I think of it like a world. Everything is building that world: the performance, the characters, all the props that we use, all the visuals.


My past experience with film and fashion and working at Sephora…all of these random things I’ve done throughout my life have helped in this project, being able to use those skills.


Can you talk more about the live performance?


Our live performance is an extension of the feeling of the songs. We try to bring in props. I try to loosely choreograph things. The choreography is more free-form. I have moves that I do in front of my mirror at home and end up repeating those moves on stage.


I love performing live. It definitely doesn't come easy for me. I feel really shy. Music has pushed me to become more confident. Every time I go on stage, I feel like I'm getting a little stronger.


You’re exercising a muscle. I know that you DJ as well. What role does nightlife play in your life?


I feel like I live two lives – my day-job life and my night life.


I've been having so much fun DJing. I started DJing through this trip that I planned with some friends upstate. Ezra had a set of CDJs, and we didn’t know how to work it. Me and my friend Charlie Baker got super into them.

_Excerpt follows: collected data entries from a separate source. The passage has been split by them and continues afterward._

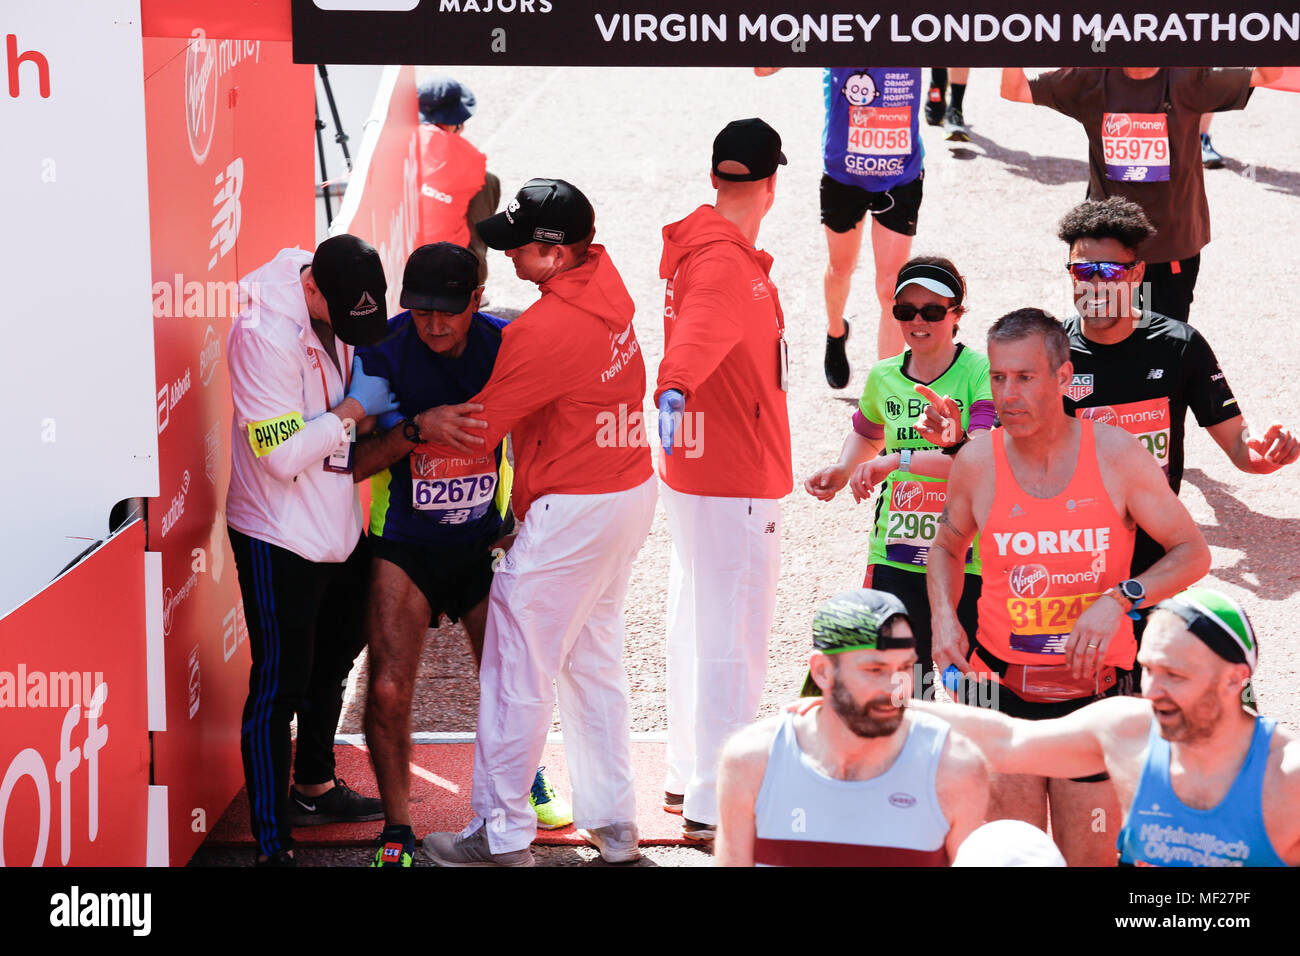 Läufer sind erschöpft, wie sie die Ziellinie in so weit die heißesten Virgin Money London Marathon in London, England am 22. April 2018. 41 tausend Menschen in der Marathon teilgenommen. Stockfoto
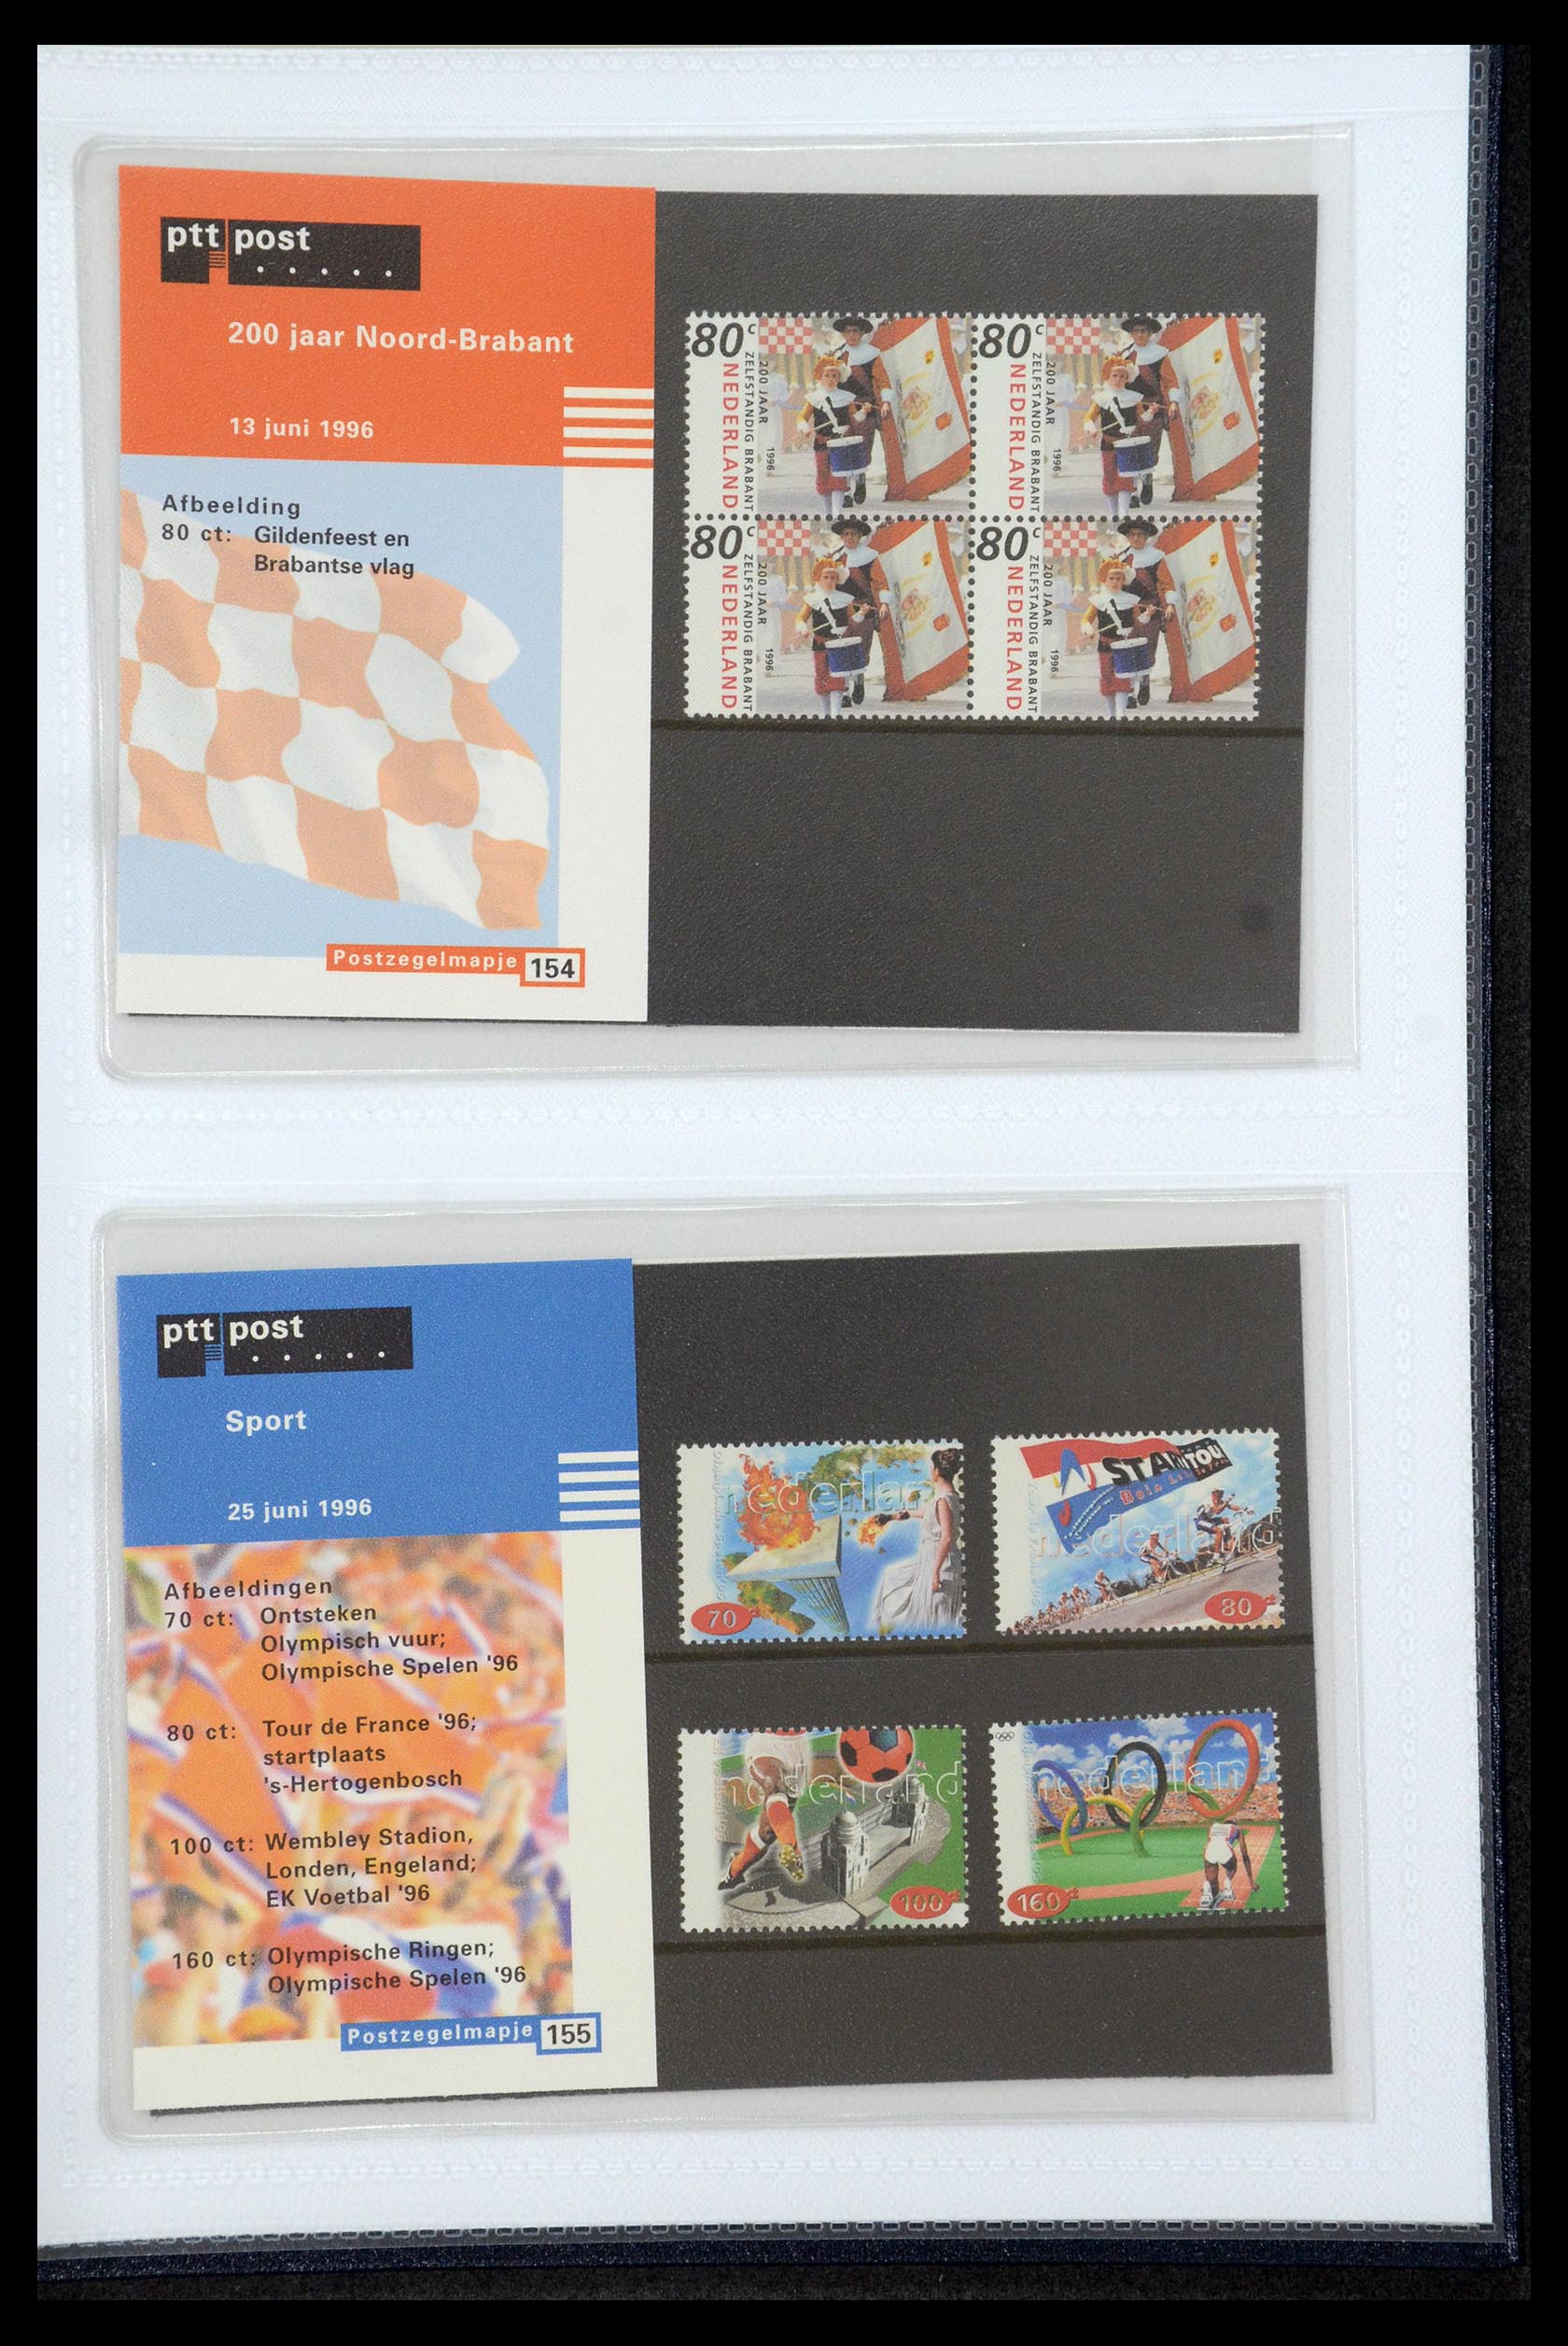 35947 080 - Stamp Collection 35947 Netherlands PTT presentation packs 1982-2019!
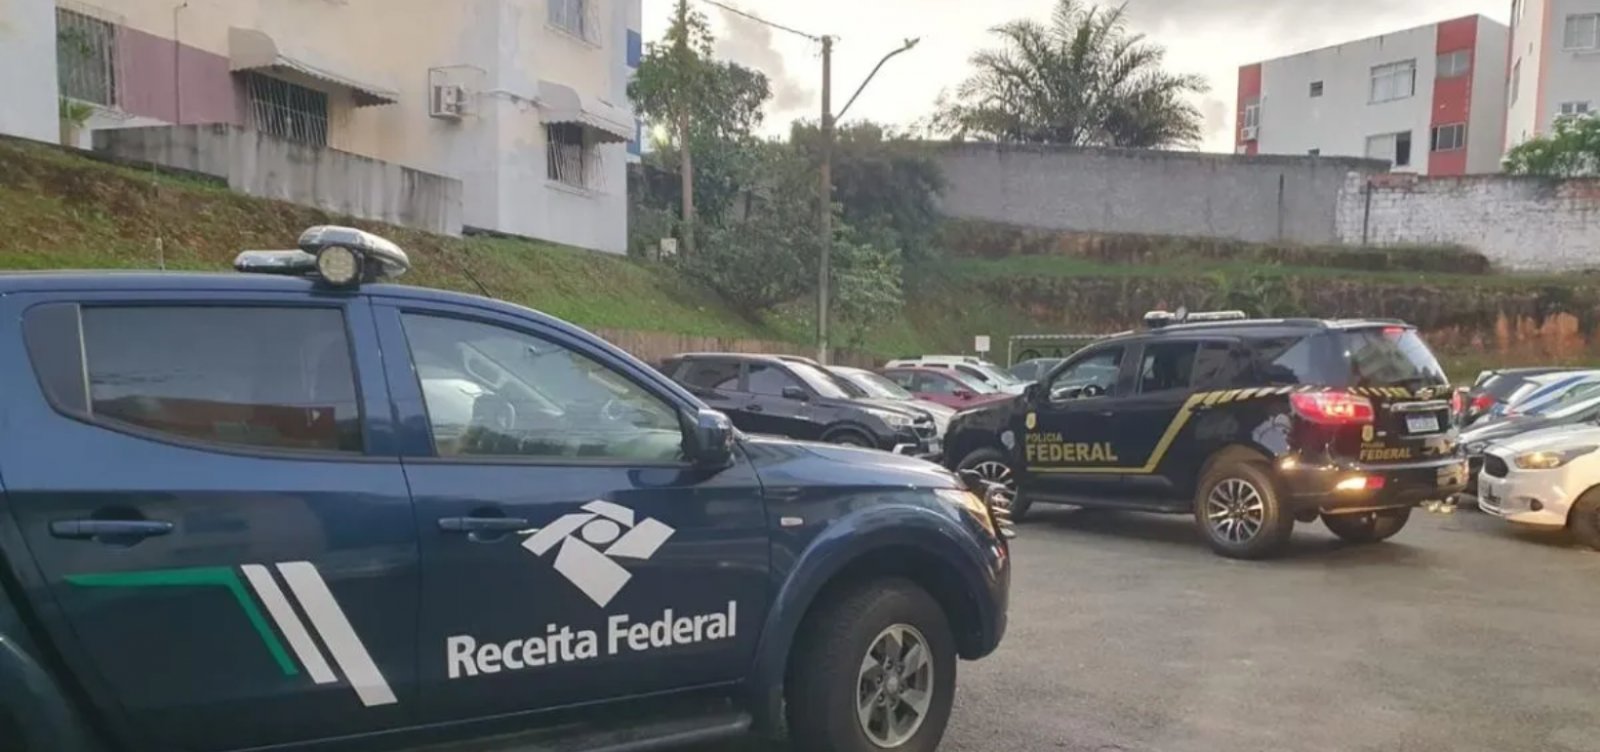 Polícia Federal cumpre mandados em operação que investiga fraude de R$ 4 milhões no Imposto de Renda

We were entranced and stayed up until two in the morning, just messing around with them and having so much fun. Charlie was like, “I just met this guy who has a bar. We should set up a night there and DJ and have our friends come.” We set a date a couple of weeks after the trip, and that’s how we started this monthly party called We Take Manhattan.


I love how much of a self-starter you are. You're like, “I'll figure it out.”


That’s my motto. I spent a lot of time being scared of things and not doing things because I was scared of failing or messing up. Since I started making music, I've been doing everything that scares me.


Are you working on new music right now? Where are you in that process?


We’re still deciding on whether to release an EP or an album. We have five songs that are finished, and we just released the first single, “Decision of a Flower,” on October 13.